Rileggendo le istruzioni concernenti la percentuale di detrazione Irpef
del 36 per cento per le spese sostenute nel 2006 relative a fatture emesse
dal 1° ottobre 2006 e a quelle emesse in data antecedente al 1° gennaio
2006, va osservato che, mentre non ci sono dubbi circa l'applicabilità del
principio di cassa ai fini Irpef, esse, invece, non sono conformi, nella
seconda ipotesi, al dettato legislativo né alle precedenti pronunce della
stessa Agenzia.
Circa il criterio di cassa, giova evocare la circolare n. 57/E del 24
febbraio 1998 che, al paragrafo 3, riporta testualmente: "... le spese
sostenute...danno diritto ad una detrazione del 41 per cento dall'Irpef
dovuta … Ai fini della imputazione delle spese di cui trattasi la
disposizione in commento fa riferimento alle spese sostenute e, quindi, al
criterio di cassa, nel senso che occorre avere riguardo al loro effettivo
pagamento. Il momento del pagamento può anche cadere in un periodo d'imposta
diverso, antecedente o successivo, a quello in cui sono completati i lavori
o è emessa la fattura".
Serve, dunque, esaminare perché non si può convenire sulla detrazione
del 36 per cento delle spese sostenute nel 2006 per le fatture emesse prima
del 1° gennaio 2006.
A tal uopo, si rammenta che, "ai fini Iva, l'effettuazione delle
prestazioni di servizi si realizza, ai sensi dell'art. 6, comma 3, del
D.P.R. n. 633/1972 e successive modificazioni, al momento del pagamento del
corrispettivo"; ed il successivo comma 4 prevede che: "Se anteriormente al
verificarsi degli eventi indicati nei precedenti commi o indipendentemente
da essi sia emessa fattura, o sia pagato in tutto o in parte il
corrispettivo, l'operazione si considera effettuata, limitatamente
all'importo fatturato o pagato, alla data della fattura o a quella del
pagamento…". Il comma 5 dispone, quindi, circa l'esigibilità dell'imposta.
In concreto, la norma Iva significa che, se nel 2005 le operazioni sono
state fatturate, esse hanno scontato l'aliquota vigente alla data di
emissione, in quell'anno, dunque, del 10 per cento: ancora, l'avere il
prestatore emesso la fattura vuol dire che, per il disposto del citato comma
5 dell'art. 6, egli ha dovuto tener conto dell'Iva relativa a quelle fatture
nelle liquidazioni periodiche, ha dovuto, cioè, considerarla tra l'Iva a
debito, come se l'avesse incassata ancorché ciò non sia materialmente
avvenuto. Così operando l'impresa avrebbe chiuso il rapporto con l'Erario
per quanto concerne l'Iva.
Se, successivamente, la fattura è stata pagata dal committente con
relativo bonifico nel 2007, in data anteriore al 1° ottobre, la spesa è
sostenuta nel periodo durante il quale la norma vigente prevedeva la
detrazione dall'Irpef del 41 per cento delle spese sostenute per gli
interventi di recupero ed è in tale misura che compete il diritto della
detrazione.
Appare arbitrario, perciò, stabilire un legame indissolubile tra le due
agevolazioni che nessuna norma autorizza, anche per gli effetti applicativi
con ricadute decisamente differenti.
D'altronde, il principio testé affermato è ribadito pure nella circolare
n. 247/E del 29 dicembre 1999 (in allegato a "il fisco" n. 1/2000, pag.

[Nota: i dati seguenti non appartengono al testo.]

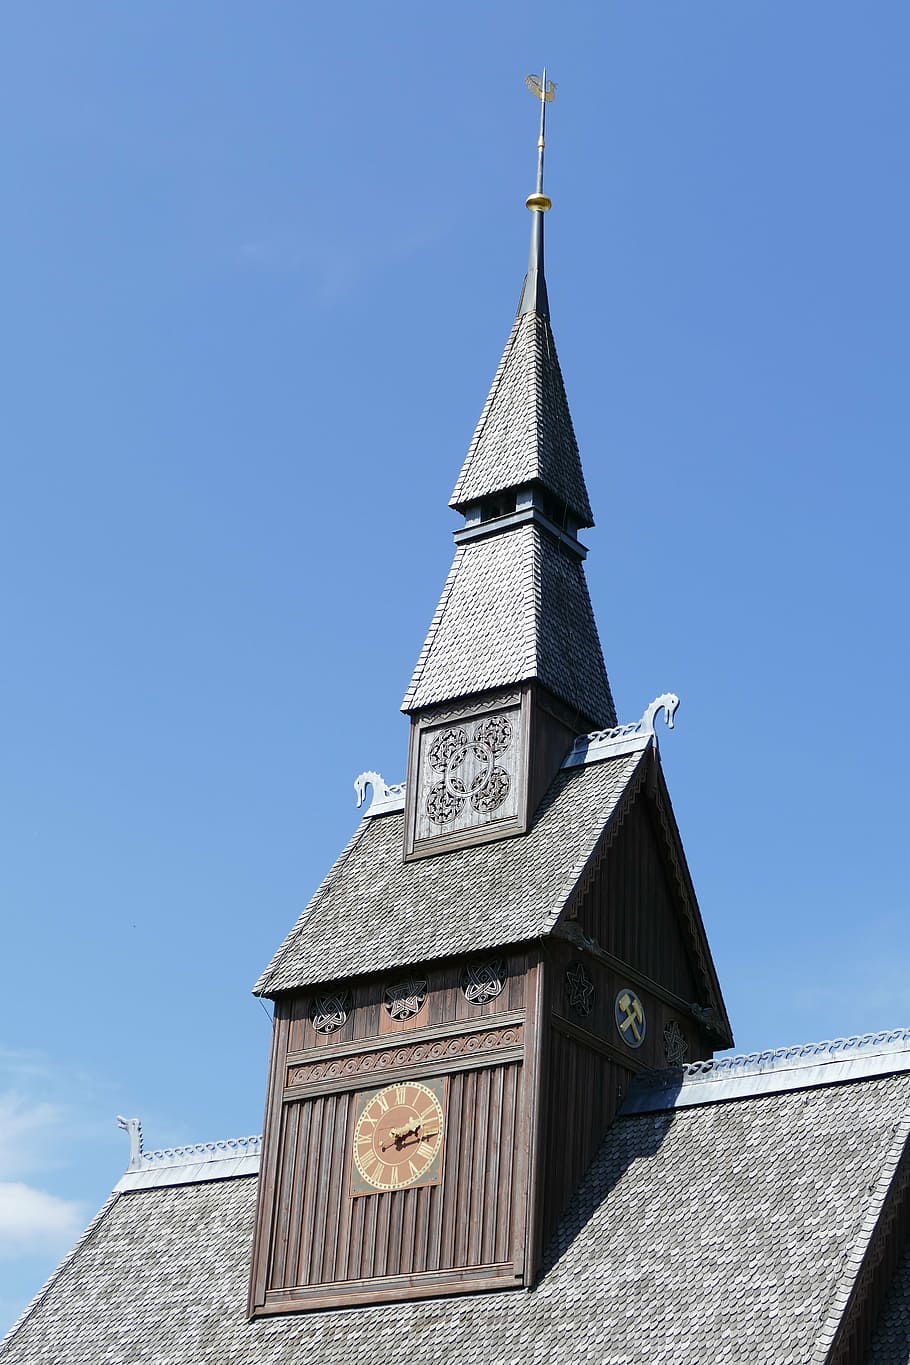 stave church, bell tower, clock tower, roof, goslar-hahnenklee, HD wallpaper

371), emanata a seguito dell'approvazione della legge Finanziaria 2000 (L.
23 dicembre 1999, n. 488), che dispose la riduzione della detrazione dal 41
per cento al 36 per cento nonché dell'aliquota Iva dal 20 per cento al 10
per cento: al paragrafo 1, quinto capoverso, è detto: "Così tutti i
pagamenti effettuati a decorrere dal 1° gennaio 2000, sia in acconto che a
saldo di fatture emesse nel 1999, vanno considerati ai fini della detrazione
dall'imposta relativa ai redditi del 2000 e fruiscono dell'aliquota di
detrazione del 36 per cento".
Non si può pensare che ci sia stato qualche "vuoto" legislativo, né può
essere addossato al cittadino un onere non previsto secondo il noto
brocardo, ubi voluit, dixit ... Del resto, se si fosse voluto definire la
disposizione secondo la non condivisibile strana interpretazione
dell'Agenzia, il legislatore avrebbe ben potuto disporre, seppure in
violazione alle norme sullo Statuto dei diritti del contribuente (L. 27
luglio 2000, n. 212), nonostante i divieti sovente inosservati.

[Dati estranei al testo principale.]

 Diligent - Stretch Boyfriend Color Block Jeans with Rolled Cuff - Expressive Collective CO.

Va soggiunto che le osservazioni dianzi esposte erano già emerse, a suo
tempo, in qualche commento della stampa specializzata, che aveva ritenuto
fosse utile conoscere il parere dell'Agenzia; esso è ora arrivato, ma appare
singolare il silenzio calato su tale questione per cui verrebbe da pensare
che ciò sia dovuto alla circostanza che la ricaduta avviene a scapito di una
categoria di contribuenti, i cittadini normali, per la cui difesa nessuna
associazione ritiene sia il caso di intervenire per ristabilire
l'applicazione corretta della norma.
A margine una piccola riflessione con l'occhio rivolto alla lotta
all'evasione fiscale.
Va dato atto che la normativa di favore in questione, che ha conosciuto
parecchie proroghe, ha avuto un grande successo testimoniato da milioni di
comunicazioni ricevute dall'Amministrazione finanziaria: tale fortunata
esperienza, va detto per inciso, offre lo spunto per svolgere una seria
riflessione sul tanto discusso contrasto degli interessi.

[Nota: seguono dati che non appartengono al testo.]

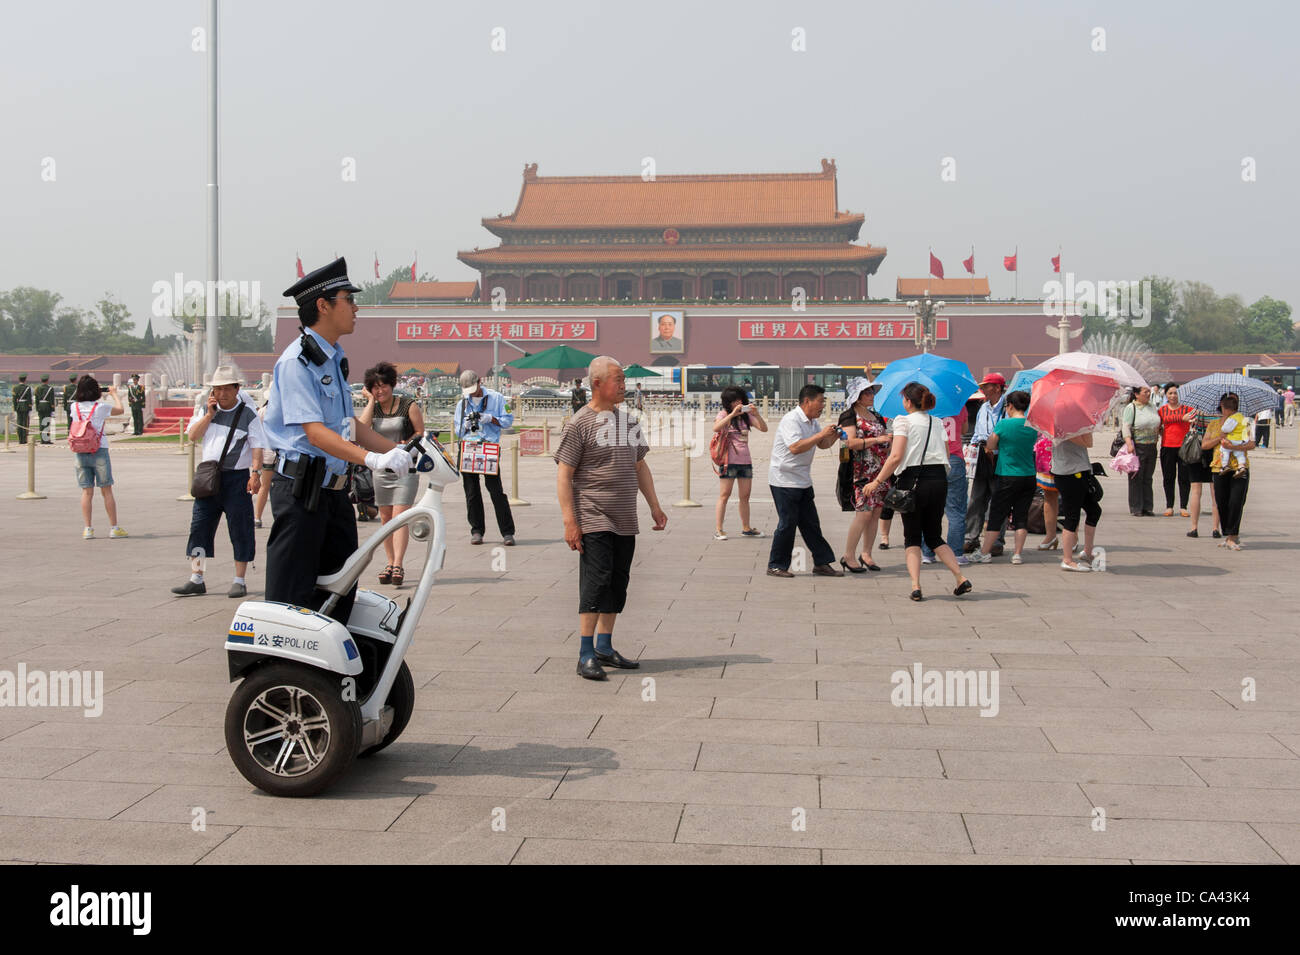 A police officer patrols on Tiananmen Square, Beijing, China on Monday June 4, 2012. June 4th 2012 marks the 23rd anniversary of the military crackdown on students protests at Tiananmen Square in 1989. Stock Photo

Non si ha difficoltà a convenire con quanti frenano sull'introduzione di
un sistema di maggiori possibilità di detrazione integrale di talune spese,
perché, a parità di importi, incassati e detratti, il risultato sotto il
profilo delle entrate fiscali sarebbe a somma zero, salvo l'importo
derivante dall'eventuale scarto delle aliquote applicabili agli scaglioni di
appartenenza dei soggetti in relazione.
Tuttavia, senza arrivare alla detrazione integrale, sarebbe sufficiente
assicurare all'acquirente o meglio ancora al beneficiario della prestazione
una parziale detrazione, che per essere veramente appetibile, non solo per
gli effetti economici ma anche per superare certe sudditanze psicologiche,
potrebbe attestarsi intorno al 40-50 per cento della spesa, Iva compresa,
riconoscendo, in caso di incapienza, anche il rimborso. Per raggiungere un
traguardo così avvertito dai cittadini onesti, si dovrebbero studiare nuovi
scaglioni e si potrebbero modulare anche percentuali di detrazione
differenziate per settori di interesse, fermo restando che, mai, la
detrazione potrebbe essere maggiore dell'importo dovuto dal percettore
secondo la sua aliquota marginale.
Perché non ragionare intorno a tali meccanismi che darebbero più
efficienza al sistema tributario e più fiducia da parte dei cittadini verso
il ceto politico ed il gruppo dirigente di questo magnifico travagliato
Paese?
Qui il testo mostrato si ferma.